Be drunk with Love, for Love is all that exists.
Where is intimacy found if not in the give and take of Love.
Countless love songs speak of the wonder and the pain of love. Many more will be written whose pouring of emotion will only cease when we will be no more; or if we continue at the rate we’re going until we wipe each other out.
Having the love of the love of our life gives us a high like no other. Yet, falling in love and being in love are a universe apart despite the interlinking of their infinitely sacred and profane complexities. As for staying in love, it takes hard work to contain, let alone beat the corrosive tentacles of everyday concerns and chores mired in our very own flawed beings, idiosyncratic traits, and comforting habits. I will not even hint at the toll of totally unexpected life-changing experiences because, despite their horror, I still want to sing about how fabulous it is to grow in togetherness.
Yet why is it so hard for lovers to communicate their intimacy for each other? More so in a wired world of increasing disconnect.
Both a burst and a glow of iridescent physical, emotional, mental and soulful closeness, lovers’ intimacy is the oldest incomparable rhapsody. Which is why the power of music and song come close in capturing its essence in so many different, haunting strains. It is easy to hear in ballads melting out of incredible voices or the heart’s cry in the likes of Bon Jovi’s rocking ‘Bed of Roses’. There is indeed a never-ending count of songs from all over the world through the musical timbre of the Italian language or the mellifluous sound of Spanish gives their singers an edge.
Curiously, what has got me writing about lovers’ intimacy is no typical heart-wrenching song reverberating torrential passion; but one whose title conjures not a flicker of romance. On first hearing, it even makes you wonder whether the whistling bits dumb it down. I can even imagine many saying that is unlikely to be remembered as one of the most beautiful love songs ever. I am referring to Francesco Gabbani’s minted ‘Viceversa,’ the song with which he clinched second place in this year’s 25-hour Sanremo marathon which came to a close last Saturday.

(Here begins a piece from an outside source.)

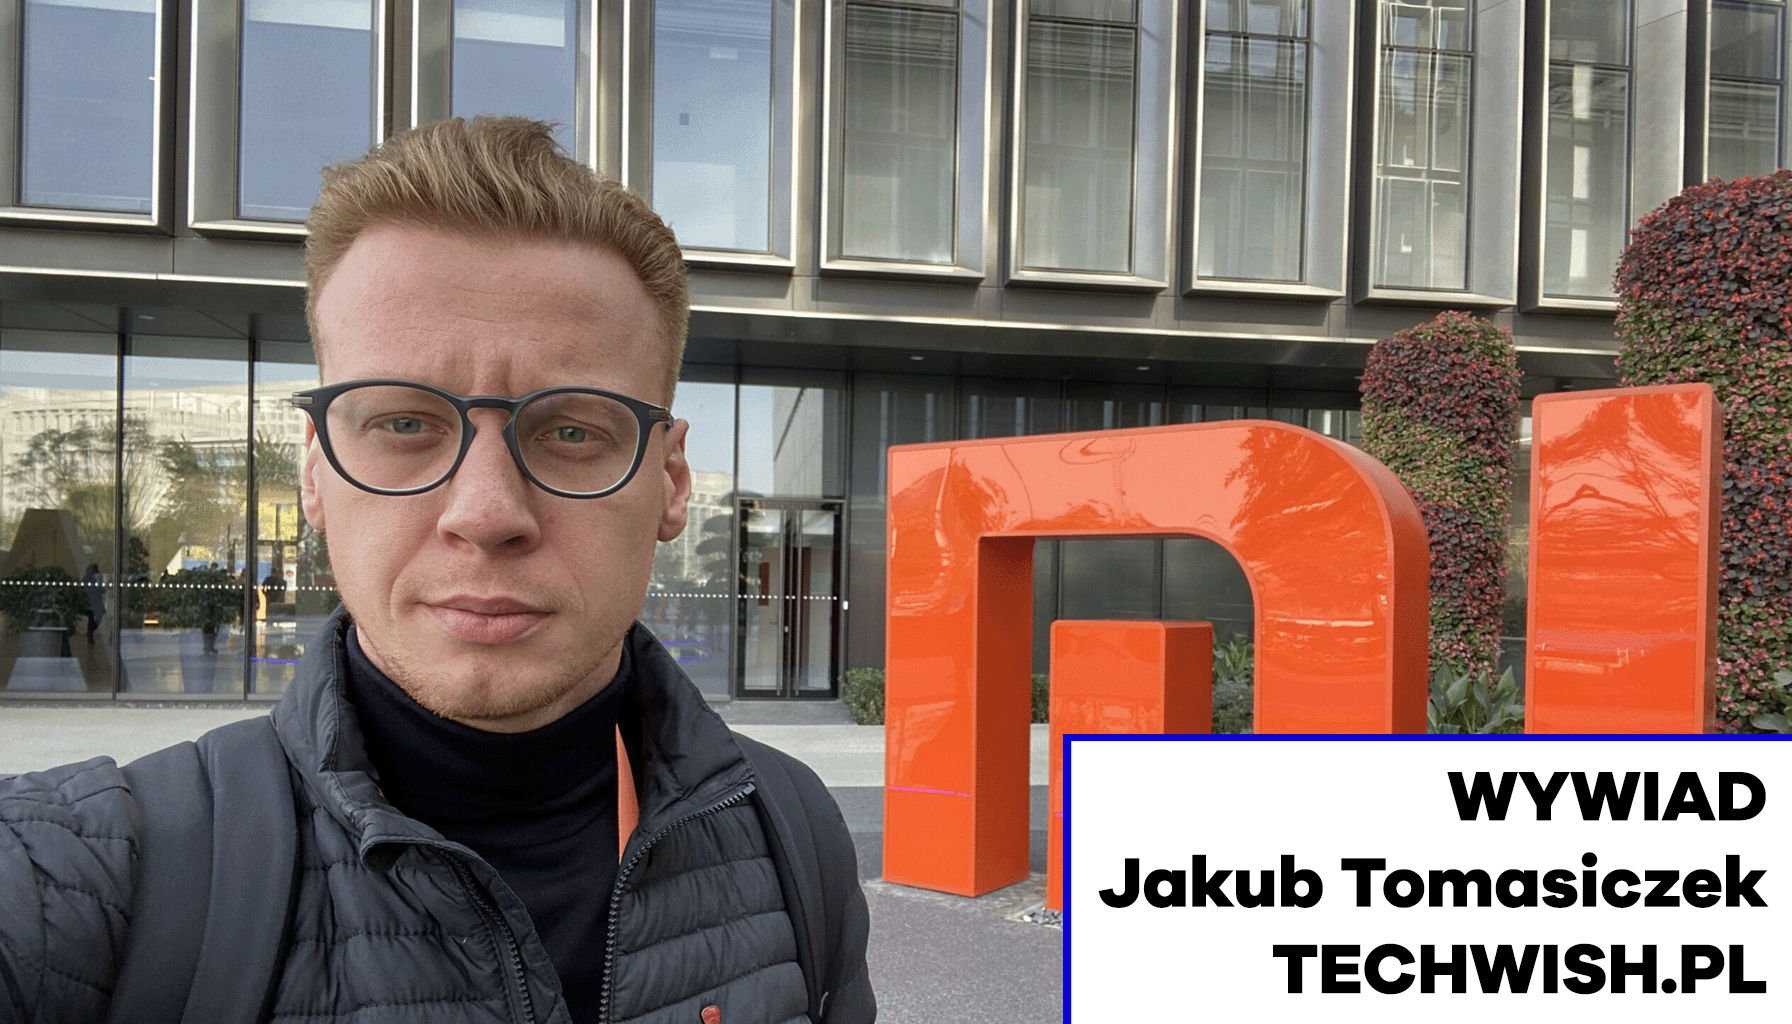 Wywiad z Jakubem Tomasiczkiem – założycielem Techwish.pl Technologie MEDIARUN.COM JAKUB TOMASICZEK TECHWISH WYWIAD V2

For the record, Gabbani – who uncannily resembles Domenico Modugno of ‘Volare’ fame, is the Italian songwriter who three years ago lifted the trophy at the same festival with a song which showcased his irresistible charisma and extraordinarily clever exuberance only a year after he won the Newcomers Section at Sanremo itself. The expectation to score a hattrick was high among his adoring fans and he almost did with a totally different type of song. This manifests his artistic integrity to venture down new avenues while putting himself to the test in the most public of ways.
Significantly, the guitar- piano- bass- drums playing Gabbani is not a product of any talent show which I believe gives him his raw authenticity. Having inherited the passion from his parents who still run the only music shop in Carrara, (his father used to play in a local band while his younger brother is a musician too) Gabbani has been honing his music for a good number of years. Anyone who follows his compositions is familiar with his remarkable richness.
For anyone unfamiliar with Sanremo, it is Italy’s ‘holy of holies’ musical festival which grinds the nation to a halt for five days followed by days of nationwide debate. This year’s 70th edition broke all market share records and annihilated all other news headlines in the press.
It has turned out to be a sort of Gabbani week for me since his three-year-old triumphant blast of a song – ‘Occidentalis’ Karma’ – somehow flowed through an article I have just written about artificiality, Having to Be.